Si te reconoces en la derecha sociológica, párate delante del espejo: ¿tu prioridad es la posición o la comunidad? ¿Prefieres estabilidad a cualquier precio o instituciones que funcionen para todos? ¿Aceptarías que tus hijos compitan en un sistema donde el talento y el esfuerzo real primen sobre el enchufe?

El perfil

Los rasgos políticos y psicológicos de la “derecha sociológica” pueden resumirse en cuatro puntos. El primero es el pragmatismo de corto plazo. Esto es, la oposición a propuestas arriesgadas que, aunque abran el terreno de juego, mejoren la movilidad social o refuercen el mérito, comprometen la tabla de posiciones.

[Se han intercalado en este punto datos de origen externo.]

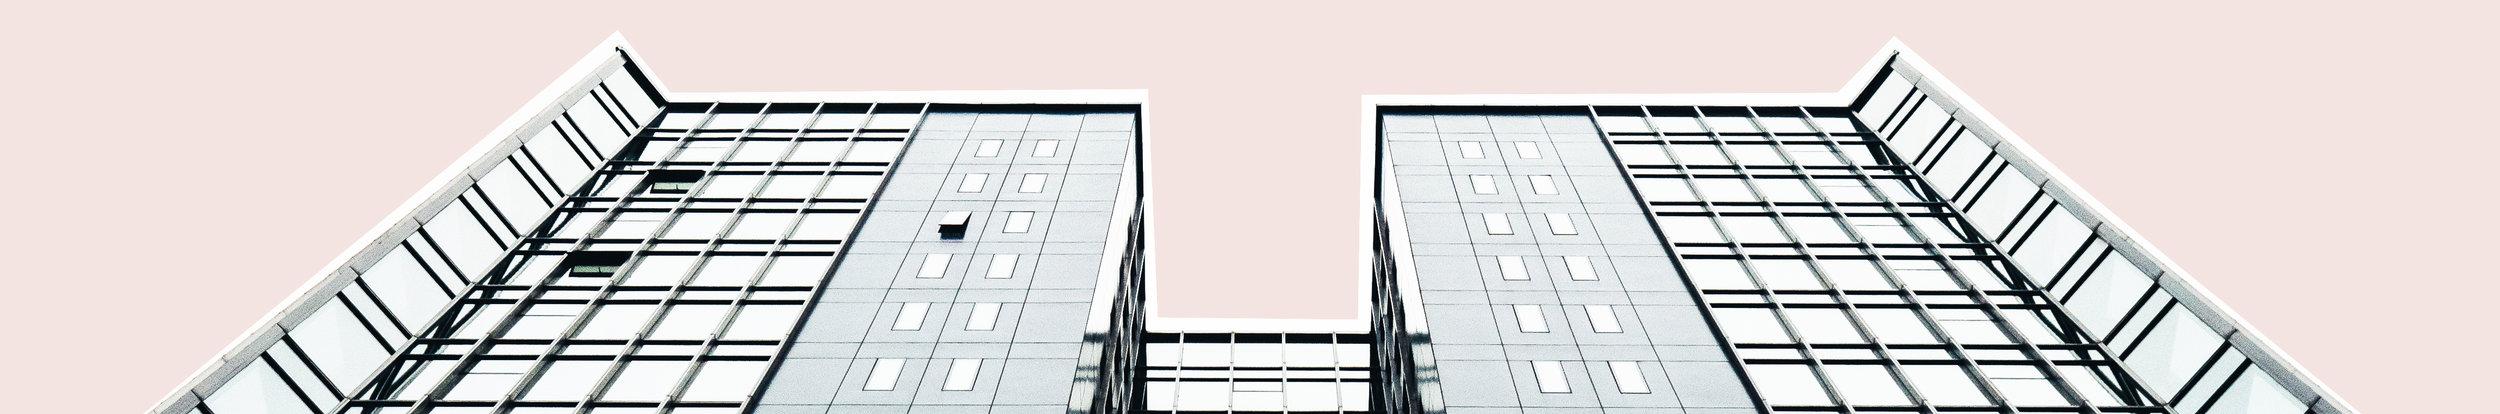 studio fresia architettura mondovì  sicurezza cantieri geometri edilizia servizi architettura piemonte.jpg

El segundo es fútbol antes que política. La acción política se reduce al resultado. Lo importante es ganar (o que no gane el otro). No importa la jugada, la estética ni la ética del gol.

El tercero, una peculiar conciencia de clase. No es exactamente conciencia de clase histórica; es una forma de autoidentificación social que funciona por distinción: “no somos como ellos”. Esa percepción cohesiona el voto más que las ideas. Puesto que para los individuos que sienten pertenecer a la derecha sociológica, su posición, su calidad de vida y su futuro a corto plazo es lo único importante, tienden a reconocerse más entre sí en base a estos parámetros que en base a las ideas, adoptando una actitud corporativa. Por así decir, la derecha sociológica se comporta como un gremio cuyos intereses pugnan con los de la sociedad.

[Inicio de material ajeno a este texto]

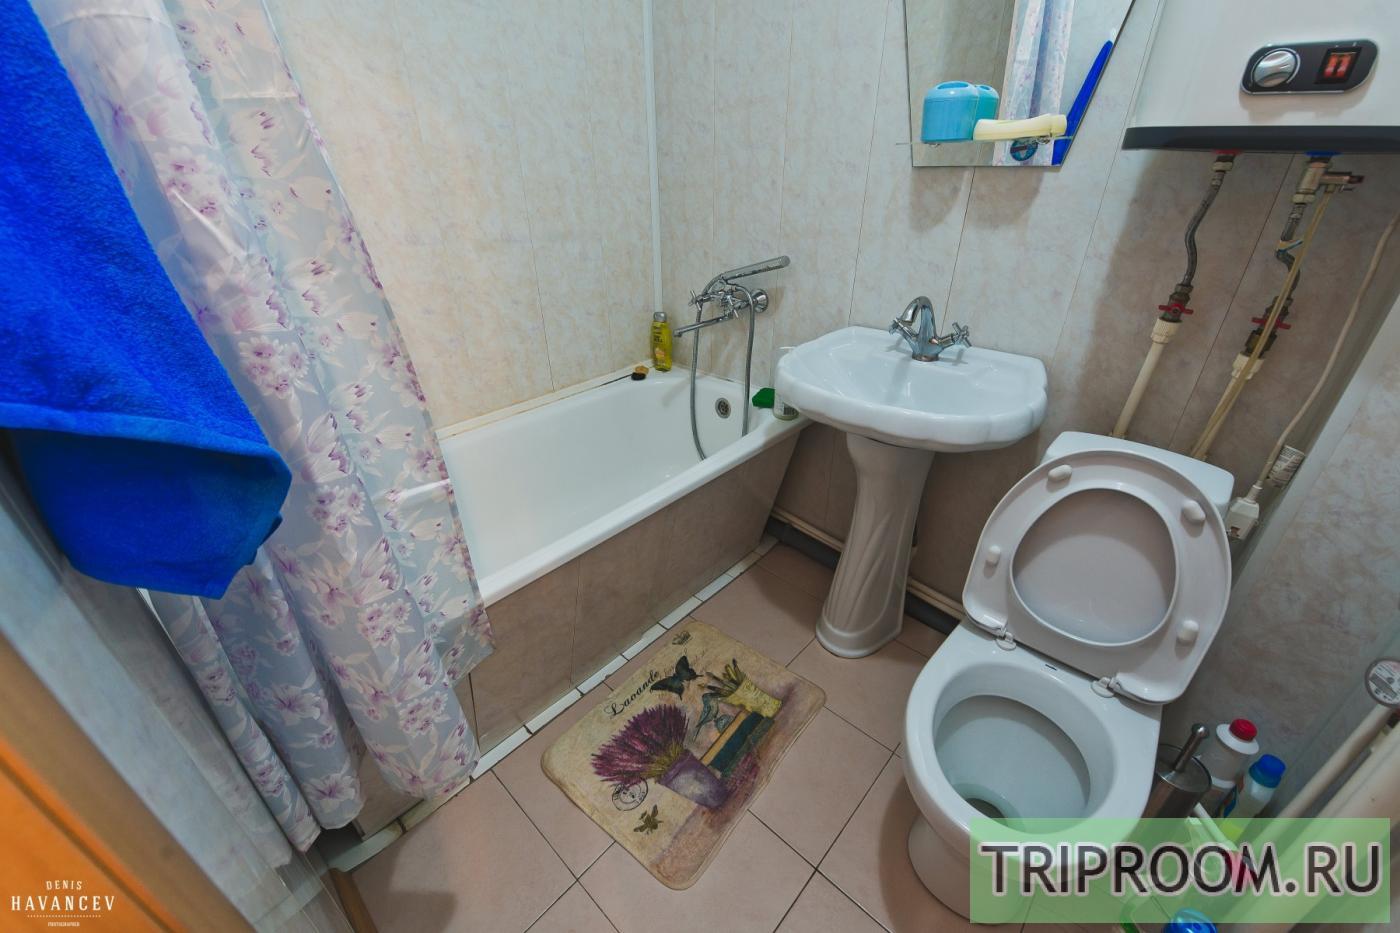 1-комнатная квартира посуточно (вариант № 14830), ул. Рахова улица, фото № 11

El cuarto y último punto es hostilidad hacia el conflicto intelectual. Intelectualidad y debate suponen un riesgo: mejor, pues, gestión técnica que discusión ideológica. Como consecuencia de esta cortedad de miras, la cultura del mérito real se desprecia en favor de garantías administrativas, o del mero inmovilismo, que aseguren la posición.

Un síntoma grave del fenómeno de la degradación de la derecha es su participación en la trivialización del sistema de acreditaciones. Cuando un sistema educativo y profesional entrega títulos como si fueran boletos de lotería —o cuando los currículos cotizan en el mercado negro de los atajos— la sociedad pierde el sentido sobre el verdadero valor de la autoridad profesional.

La narrativa no es “corrijamos el sistema” sino “ellos han falseado más currículos que nosotros”. Así la política degenera en un intercambio de acusaciones partidistas sobre quién ha acumulado más mentiras académicas, y desaparece la pregunta fundamental: ¿cómo restauramos la cultura del conocimiento?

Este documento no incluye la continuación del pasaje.